Talking through that — these desires and where they come from — can help you figure out if this is something you’re really wanting to try or just something that you think you’re supposed to want.

And talking about these things can help with your own vulnerability, says Anka Grzywacz, a sex therapist, who says she encourages her clients to admit how “uncomfortable” it may feel to talk about their desires. “Sexuality is one of the most vulnerable experiences in life, and we get to share that deep vulnerability with another person,” she says. “Daring to want something more is already an act of courage. So, start with allowing yourself to dream.”

How can I explore new sexual desires?

If you’re unsure which desires you have or ones you’d really like to explore, but know you want something new, Grzywacz recommends reading collections of women’s sexual fantasies or listening to audio erotica. “I find starting with written or audio content can be less intimidating than watching porn, even the most ethical and female-oriented type.”

Grines also recommends that you start solo. “Get to know your body, explore what self-pleasure looks like when your own pleasure is the only goal. Do you find yourself moving to places that you never indulged before? Are you looking for imagery that you never gave yourself permission to do in the past? Are you able to enjoy things differently because there's no audience? What sensations feel the best? When does your desire peak?”

By focusing on these things and really doing your homework, Grines says you can create a language around what pleasure looks like for you so that when you’re ready to integrate it with a partner or partners, you’ll have intentional language to explain what you want and need.

Grzywacz also suggests homing in on what you want, especially what you want the mood to be like during intimate moments. “What qualities are they missing? Is it feeling spicy? Or pampered and treated like a goddess? Or perhaps she's dreaming of joyful, carefree intimacy? Feelings are a great guide that can lead us to knowledge, activities, and toys that can help us get there. I always tell women that sex is like a playground for adults. We get to be curious and have lots of colorful toys to make the playtime even more fun.”

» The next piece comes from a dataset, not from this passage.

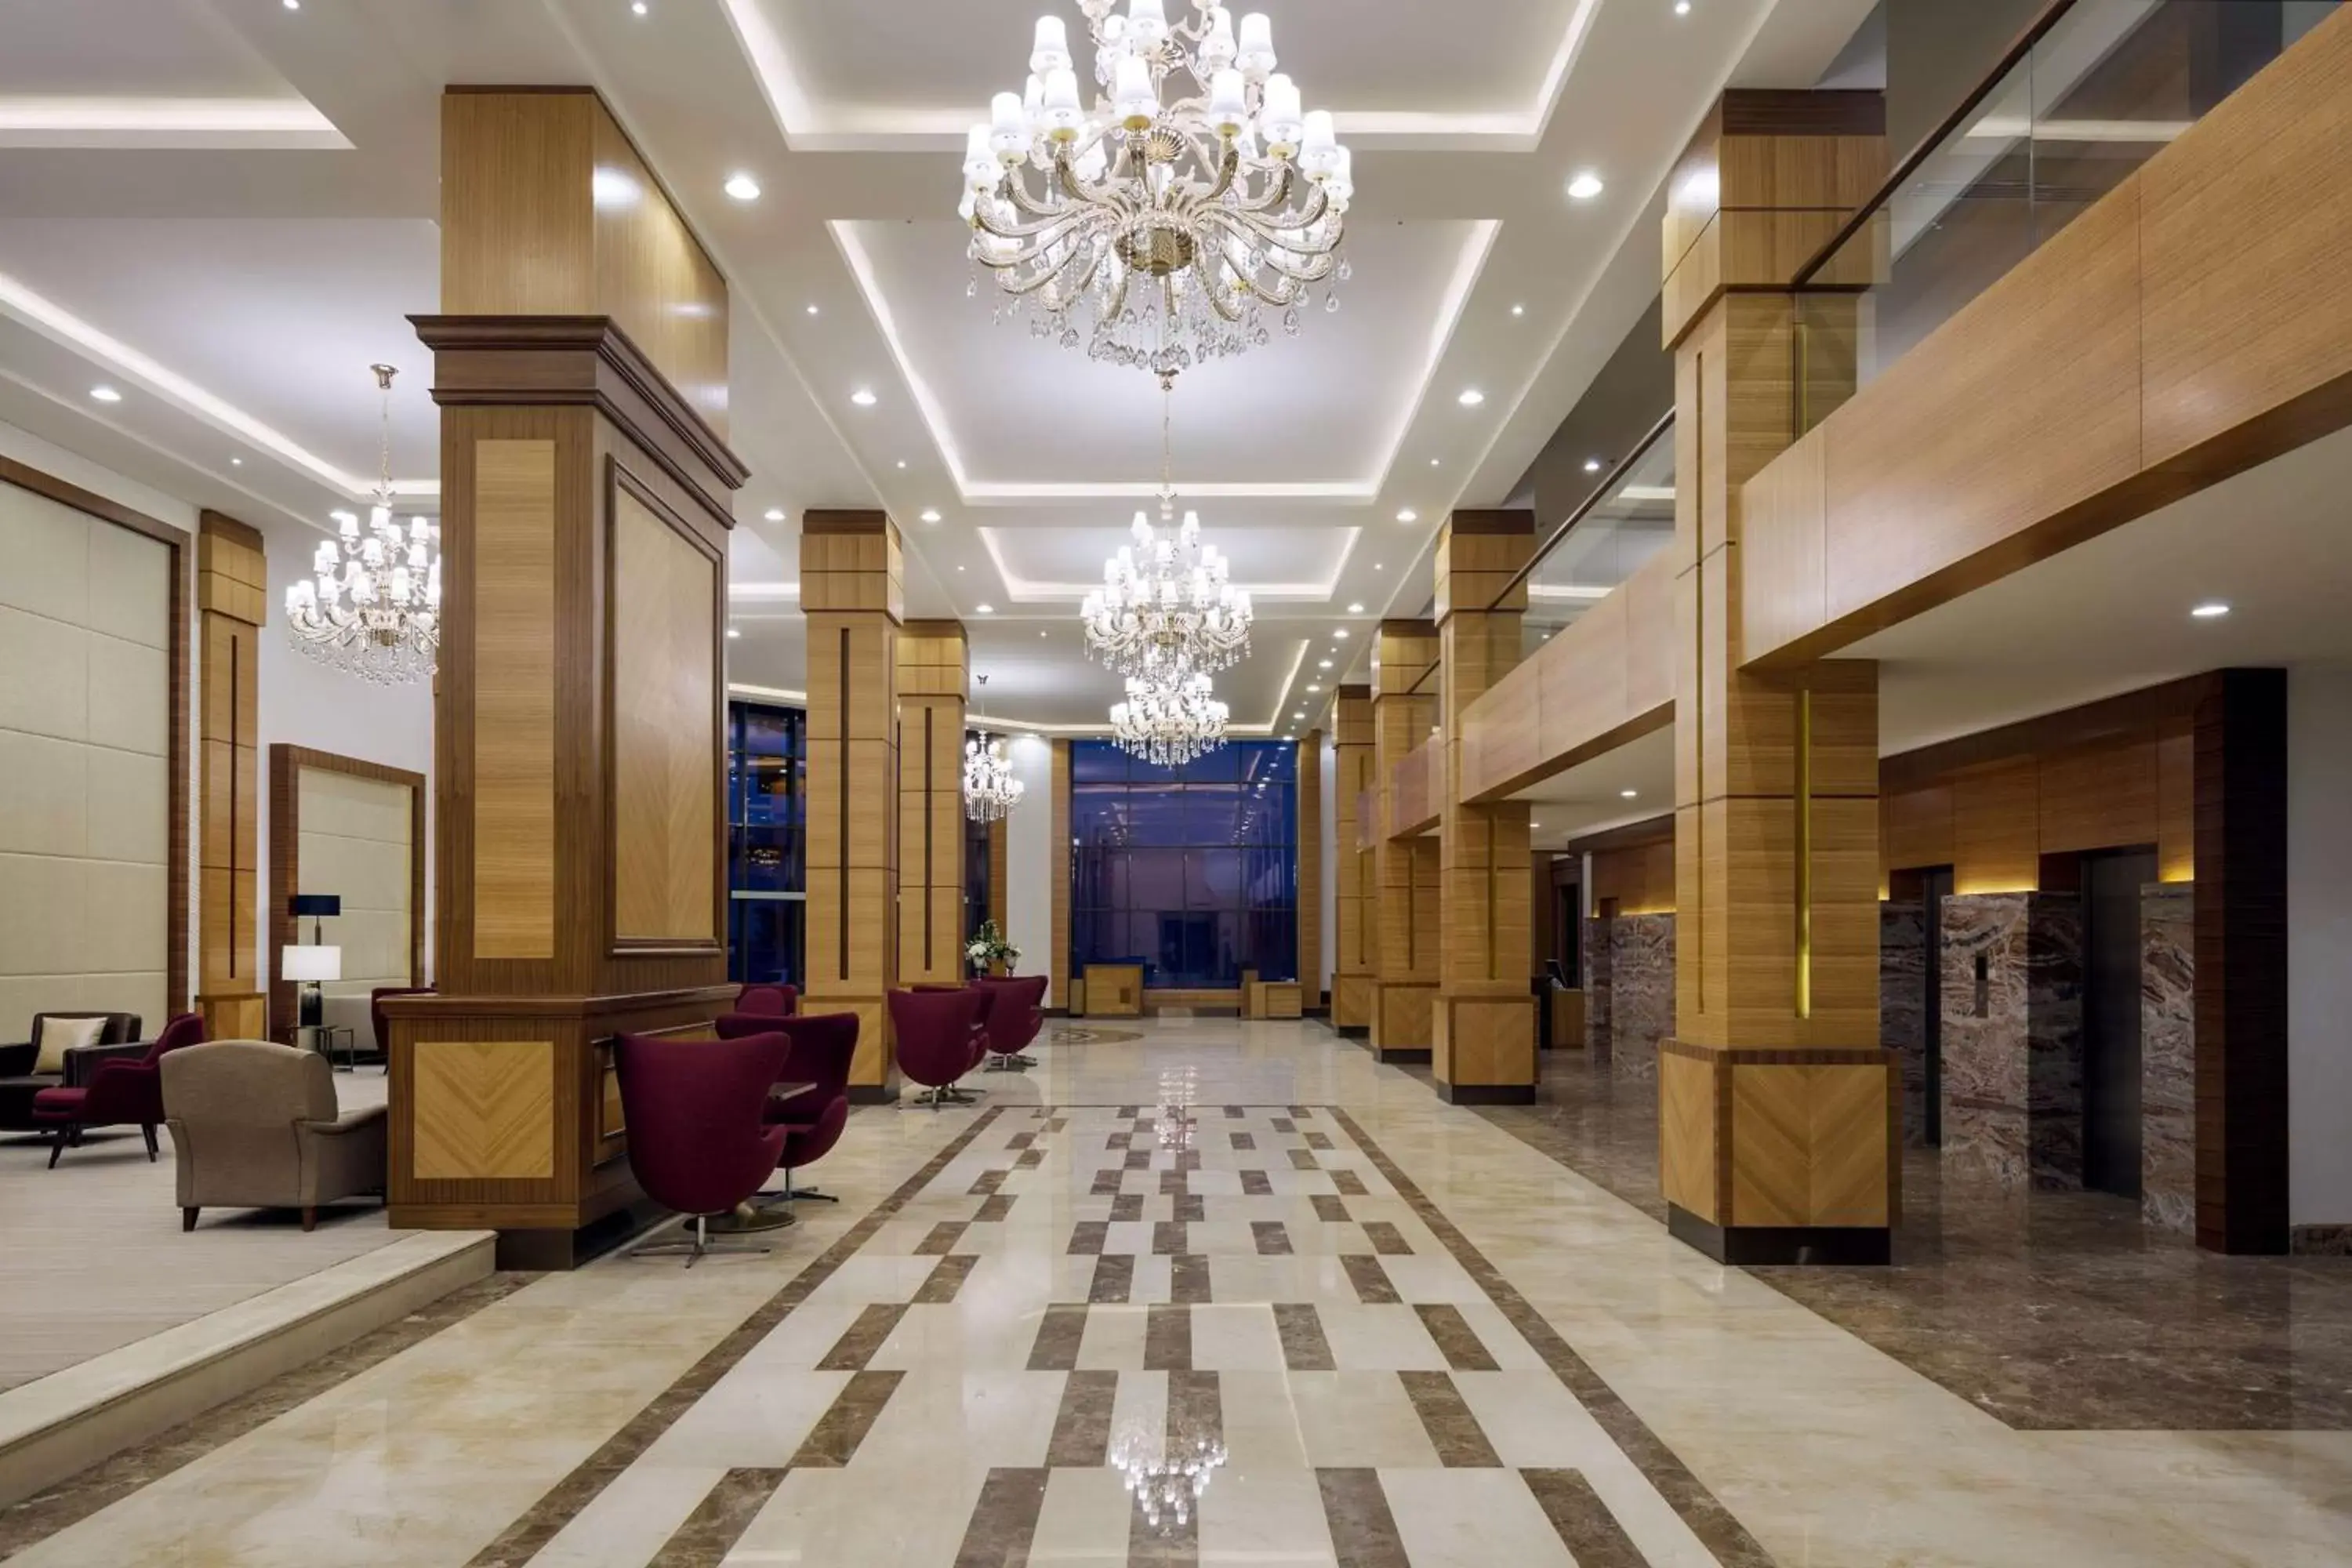 On site, Lobby/Reception in Radisson Blu Hotel, Buraidah

But no matter what, both experts agree: It’s never too late. Grines says the stats around penetrative sex and the pleasure women receive from it are “alarming” and “the shame is so real.” Since most women need clitoral stimulation to reach an orgasm, she says she has tons of clients who come in at 40 and share that they’ve never had an orgasm and that “they were the problem.” Nope. We’re not doing that.

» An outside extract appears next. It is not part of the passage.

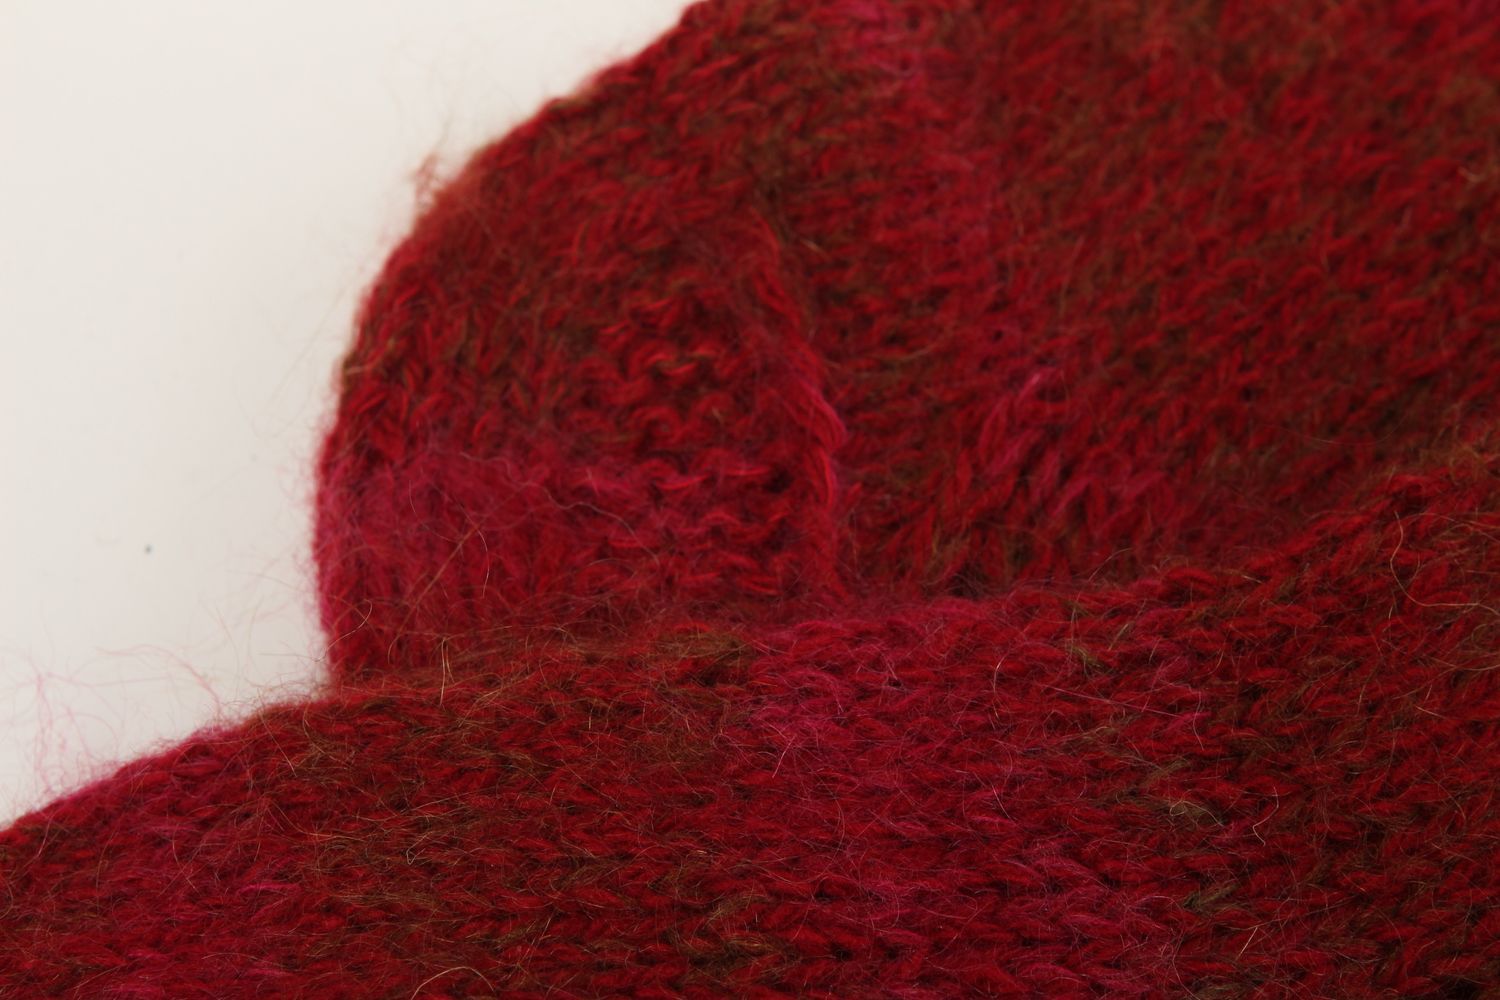 Homemade knitted woolen socks warm winter socks best wool socks gifts for women photo 4

“40 is not too late! Women still have many great years of sex to discover, so the best time to start is today,” says Grzywacz. And the more confident and sexy and happy you are in the bedroom, the better sex is for everybody. And while they shouldn’t be your priority, by focusing on yourself, you can also be what your partner wants and needs in the bedroom.

It’s like the “pour into your cup” adage. Explore your sexuality so you can find your own pleasure — and some for your partner, too.